The Packers (13-4) improved to 13-0 at home in the NFL playoffs. Their last postseason appearance was a wild-card loss at San Francisco in 1998.
The 49ers, who also returned to the playoffs for the first time since '98, finished 12-5.
For a time, the Niners made Sherman pay for his questionable decision to go for a 2-point conversion that failed with Green Bay ahead 15-7.
``I felt very confident in our two-point play,'' Sherman explained. ``I was thinking about going ahead by 10 points.''
The Niners tied it at 15 on Tai Streets' 14-yard touchdown and his wide-open catch on the two-point conversion with 12 minutes left.
Ryan Longwell, who had his first extra point blocked in the first quarter, kicked a 45-yard field goal with 7:02 left for an 18-15 lead.
The Niners reached the Green Bay 28 on their next drive before Williams' interception.
The Packers, who surrendered an average of 170 yards rushing the last four weeks _ all to non-playoff teams _ shored up their run defense with linebacker Nate Wayne (back) and nose tackle Gilbert Brown (foot) returning to health.
Brown set the tone on the first play from scrimmage when he dumped Garcia for a 4-yard sack, his first since 1997.
``I forgot how that felt,'' said Brown, who was out of football last year before losing 100 pounds and ``trimming'' down to 339.
The 49ers ran for just 71 yards, and comeback player of the year Garrison Hearst finished with just 42 yards on 13 carries.
After Ryan's 26-yarder gave Green Bay a 9-7 lead, Favre hit Franks with the 19-yard touchdown pass with 3:26 left in the third quarter, one play after Bradford's 51-yard catch.
That made it 15-7, but instead of sending out Longwell, Sherman went for 2, and it failed when Donald Driver was tackled shy of the end zone after a reception.

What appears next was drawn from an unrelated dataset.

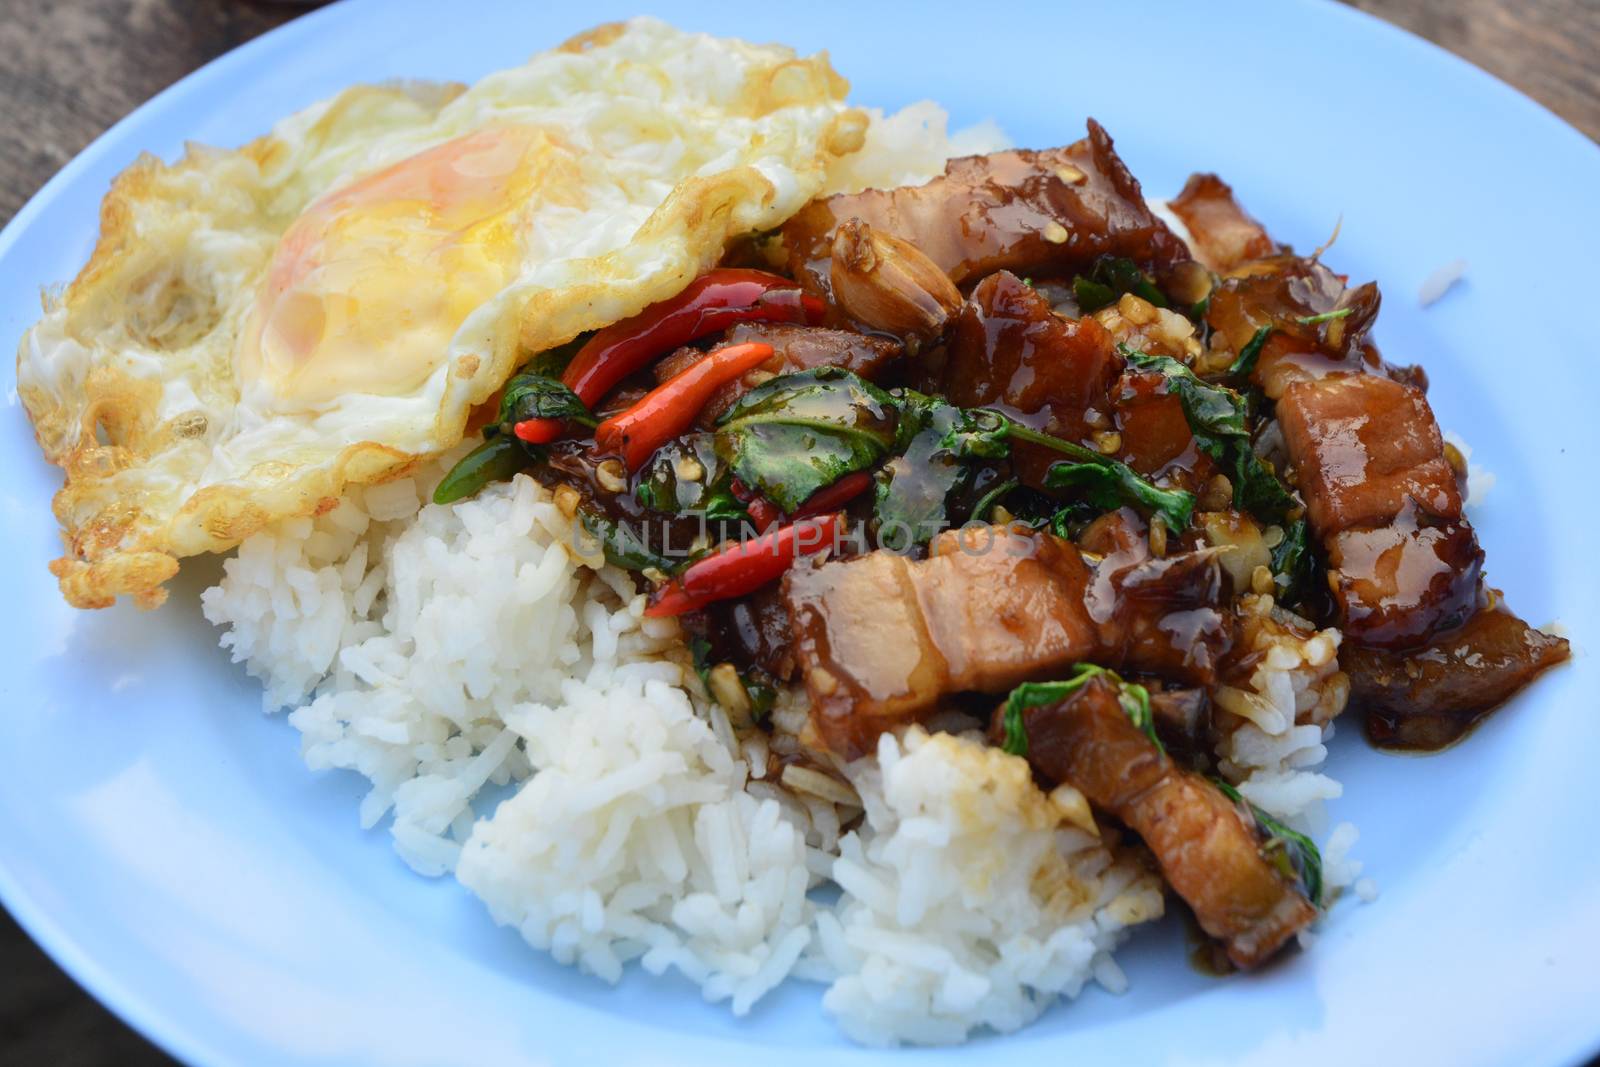 Thai Food Fried Basil With Crispy Pork by ideation90

That made it a one-possession game, and the 49ers quickly made Sherman pay when Garcia (22-of-32 for 233 yards) drove San Francisco 61 yards in six plays for the tying touchdown and two-point conversion.
The 49ers took a 7-6 halftime lead when Hearst scored from the 2 with 11 seconds left in the half, capping a 15-play, 86-yard drive.
The drive was the 49ers' longest in the postseason since a 17-play drive against Dallas in the NFC championship game on Jan. 23, 1994.
In his first game since undergoing arthroscopic knee surgery after Thanksgiving, Allen Rossum returned a punt 35 yards, setting up Green Bay's 40-yard touchdown drive that Favre capped with a 5-yard toss to Antonio Freeman.
But Dana Stubblefield beat Chad Clifton to block Longwell's extra point.
The Packers returned the favor in the second quarter when Cletidus Hunt blocked a 34-yard field-goal attempt by Jose Cortez.